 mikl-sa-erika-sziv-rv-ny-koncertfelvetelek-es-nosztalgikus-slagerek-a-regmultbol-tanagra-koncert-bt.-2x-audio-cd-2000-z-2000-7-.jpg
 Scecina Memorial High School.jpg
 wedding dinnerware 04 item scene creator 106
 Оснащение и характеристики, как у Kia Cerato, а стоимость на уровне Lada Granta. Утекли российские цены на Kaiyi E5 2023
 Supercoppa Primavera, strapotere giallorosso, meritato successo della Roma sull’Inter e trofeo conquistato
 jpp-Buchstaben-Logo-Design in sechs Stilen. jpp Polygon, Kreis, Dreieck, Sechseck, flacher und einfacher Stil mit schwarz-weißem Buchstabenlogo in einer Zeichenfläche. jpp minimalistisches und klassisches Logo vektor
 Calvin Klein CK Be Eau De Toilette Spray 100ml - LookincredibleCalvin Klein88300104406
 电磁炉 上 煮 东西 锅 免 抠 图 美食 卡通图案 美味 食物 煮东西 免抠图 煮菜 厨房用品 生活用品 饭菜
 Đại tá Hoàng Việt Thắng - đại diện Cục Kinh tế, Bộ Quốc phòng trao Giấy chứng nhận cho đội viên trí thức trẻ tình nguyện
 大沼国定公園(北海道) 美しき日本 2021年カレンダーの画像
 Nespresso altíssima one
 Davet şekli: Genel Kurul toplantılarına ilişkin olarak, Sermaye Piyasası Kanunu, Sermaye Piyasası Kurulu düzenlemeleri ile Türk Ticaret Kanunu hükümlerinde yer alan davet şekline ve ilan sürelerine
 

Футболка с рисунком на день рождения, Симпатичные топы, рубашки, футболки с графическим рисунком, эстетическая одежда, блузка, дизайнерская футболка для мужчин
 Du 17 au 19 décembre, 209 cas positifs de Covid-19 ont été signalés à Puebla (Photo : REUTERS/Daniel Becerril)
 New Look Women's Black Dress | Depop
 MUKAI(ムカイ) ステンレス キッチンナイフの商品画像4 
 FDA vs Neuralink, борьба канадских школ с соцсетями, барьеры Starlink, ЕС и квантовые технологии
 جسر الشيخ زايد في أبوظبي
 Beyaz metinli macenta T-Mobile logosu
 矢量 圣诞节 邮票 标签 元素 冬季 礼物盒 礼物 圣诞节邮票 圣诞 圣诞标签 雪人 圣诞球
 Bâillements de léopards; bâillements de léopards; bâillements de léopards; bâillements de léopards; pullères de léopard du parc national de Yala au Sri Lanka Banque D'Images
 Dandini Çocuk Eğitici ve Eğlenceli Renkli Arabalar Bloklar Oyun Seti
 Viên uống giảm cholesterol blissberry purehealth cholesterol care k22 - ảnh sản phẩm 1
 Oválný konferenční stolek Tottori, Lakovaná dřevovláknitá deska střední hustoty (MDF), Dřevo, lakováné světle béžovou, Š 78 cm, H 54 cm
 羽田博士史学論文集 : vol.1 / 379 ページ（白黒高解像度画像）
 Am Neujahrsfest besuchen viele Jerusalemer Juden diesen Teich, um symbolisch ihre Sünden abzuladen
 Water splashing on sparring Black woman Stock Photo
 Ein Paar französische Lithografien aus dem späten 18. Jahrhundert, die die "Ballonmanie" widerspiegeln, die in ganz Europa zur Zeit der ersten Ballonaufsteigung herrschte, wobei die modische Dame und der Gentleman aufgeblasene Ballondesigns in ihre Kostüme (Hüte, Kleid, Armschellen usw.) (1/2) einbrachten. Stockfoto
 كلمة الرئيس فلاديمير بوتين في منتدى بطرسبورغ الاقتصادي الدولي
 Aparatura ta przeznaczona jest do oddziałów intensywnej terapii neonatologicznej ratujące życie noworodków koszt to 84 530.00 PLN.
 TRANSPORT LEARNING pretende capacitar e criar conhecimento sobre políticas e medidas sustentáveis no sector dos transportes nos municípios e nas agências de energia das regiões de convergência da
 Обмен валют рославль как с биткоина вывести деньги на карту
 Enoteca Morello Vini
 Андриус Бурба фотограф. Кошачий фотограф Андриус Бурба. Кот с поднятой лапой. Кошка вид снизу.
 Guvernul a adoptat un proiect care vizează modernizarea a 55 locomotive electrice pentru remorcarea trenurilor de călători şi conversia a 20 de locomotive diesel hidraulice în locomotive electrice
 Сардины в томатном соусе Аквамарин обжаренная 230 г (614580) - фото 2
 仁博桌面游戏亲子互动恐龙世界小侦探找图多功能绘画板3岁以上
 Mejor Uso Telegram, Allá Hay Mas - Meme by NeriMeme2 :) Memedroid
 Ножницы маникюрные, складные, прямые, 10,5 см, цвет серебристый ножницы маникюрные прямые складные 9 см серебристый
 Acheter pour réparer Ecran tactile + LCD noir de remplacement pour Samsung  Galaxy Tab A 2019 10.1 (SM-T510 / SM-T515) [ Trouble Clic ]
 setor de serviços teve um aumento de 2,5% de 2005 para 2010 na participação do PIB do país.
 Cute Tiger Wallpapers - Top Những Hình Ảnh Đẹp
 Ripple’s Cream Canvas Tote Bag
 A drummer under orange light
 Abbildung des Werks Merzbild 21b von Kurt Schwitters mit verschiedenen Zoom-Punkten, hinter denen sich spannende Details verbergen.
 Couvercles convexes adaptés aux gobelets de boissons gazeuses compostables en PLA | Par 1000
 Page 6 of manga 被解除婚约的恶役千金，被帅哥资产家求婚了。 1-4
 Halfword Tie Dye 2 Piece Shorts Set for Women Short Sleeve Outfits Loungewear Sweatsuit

_What is required_
Using the data above, reproduce exactly the lines between those holding "矢量 圣诞节 邮票 标签" and "Oválný konferenční stolek", inclusive, and no others.

_Answer for this exercise_
 矢量 圣诞节 邮票 标签 元素 冬季 礼物盒 礼物 圣诞节邮票 圣诞 圣诞标签 雪人 圣诞球
 Bâillements de léopards; bâillements de léopards; bâillements de léopards; bâillements de léopards; pullères de léopard du parc national de Yala au Sri Lanka Banque D'Images
 Dandini Çocuk Eğitici ve Eğlenceli Renkli Arabalar Bloklar Oyun Seti
 Viên uống giảm cholesterol blissberry purehealth cholesterol care k22 - ảnh sản phẩm 1
 Oválný konferenční stolek Tottori, Lakovaná dřevovláknitá deska střední hustoty (MDF), Dřevo, lakováné světle béžovou, Š 78 cm, H 54 cm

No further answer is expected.